WHAT THE TASK REQUIRES: Set down exactly the first line of the entries and every line after it, through the line with "Volkswagen S New".

DATASET EXTRACT:
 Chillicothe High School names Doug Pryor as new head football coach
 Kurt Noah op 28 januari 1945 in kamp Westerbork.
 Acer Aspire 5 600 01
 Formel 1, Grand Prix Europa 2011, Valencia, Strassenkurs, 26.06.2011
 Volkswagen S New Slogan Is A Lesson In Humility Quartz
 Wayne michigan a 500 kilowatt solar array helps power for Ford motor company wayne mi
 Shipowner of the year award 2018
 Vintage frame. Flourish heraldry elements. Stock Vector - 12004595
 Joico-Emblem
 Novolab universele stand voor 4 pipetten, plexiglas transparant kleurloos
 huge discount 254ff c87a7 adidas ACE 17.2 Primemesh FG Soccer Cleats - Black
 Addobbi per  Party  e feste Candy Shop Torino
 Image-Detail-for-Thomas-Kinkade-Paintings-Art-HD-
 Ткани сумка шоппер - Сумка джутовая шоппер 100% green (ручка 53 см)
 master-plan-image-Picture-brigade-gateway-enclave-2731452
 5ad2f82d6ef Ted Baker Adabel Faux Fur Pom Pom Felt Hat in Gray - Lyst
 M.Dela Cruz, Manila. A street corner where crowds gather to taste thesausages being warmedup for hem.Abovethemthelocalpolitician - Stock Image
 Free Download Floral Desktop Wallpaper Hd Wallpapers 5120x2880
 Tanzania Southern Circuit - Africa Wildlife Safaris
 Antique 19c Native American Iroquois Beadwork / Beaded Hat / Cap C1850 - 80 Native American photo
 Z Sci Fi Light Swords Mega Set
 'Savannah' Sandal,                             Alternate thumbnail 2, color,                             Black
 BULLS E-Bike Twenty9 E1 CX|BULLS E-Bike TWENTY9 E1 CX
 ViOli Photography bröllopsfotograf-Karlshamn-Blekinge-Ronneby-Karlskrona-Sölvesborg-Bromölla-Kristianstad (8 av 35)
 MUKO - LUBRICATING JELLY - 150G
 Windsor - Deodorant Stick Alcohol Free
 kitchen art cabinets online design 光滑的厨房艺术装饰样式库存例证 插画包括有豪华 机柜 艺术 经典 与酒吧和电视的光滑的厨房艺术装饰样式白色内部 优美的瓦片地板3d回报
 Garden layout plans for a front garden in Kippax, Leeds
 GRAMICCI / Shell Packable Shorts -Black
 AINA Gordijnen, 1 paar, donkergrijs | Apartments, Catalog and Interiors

RESPONSE AREA:
 Chillicothe High School names Doug Pryor as new head football coach
 Kurt Noah op 28 januari 1945 in kamp Westerbork.
 Acer Aspire 5 600 01
 Formel 1, Grand Prix Europa 2011, Valencia, Strassenkurs, 26.06.2011
 Volkswagen S New Slogan Is A Lesson In Humility Quartz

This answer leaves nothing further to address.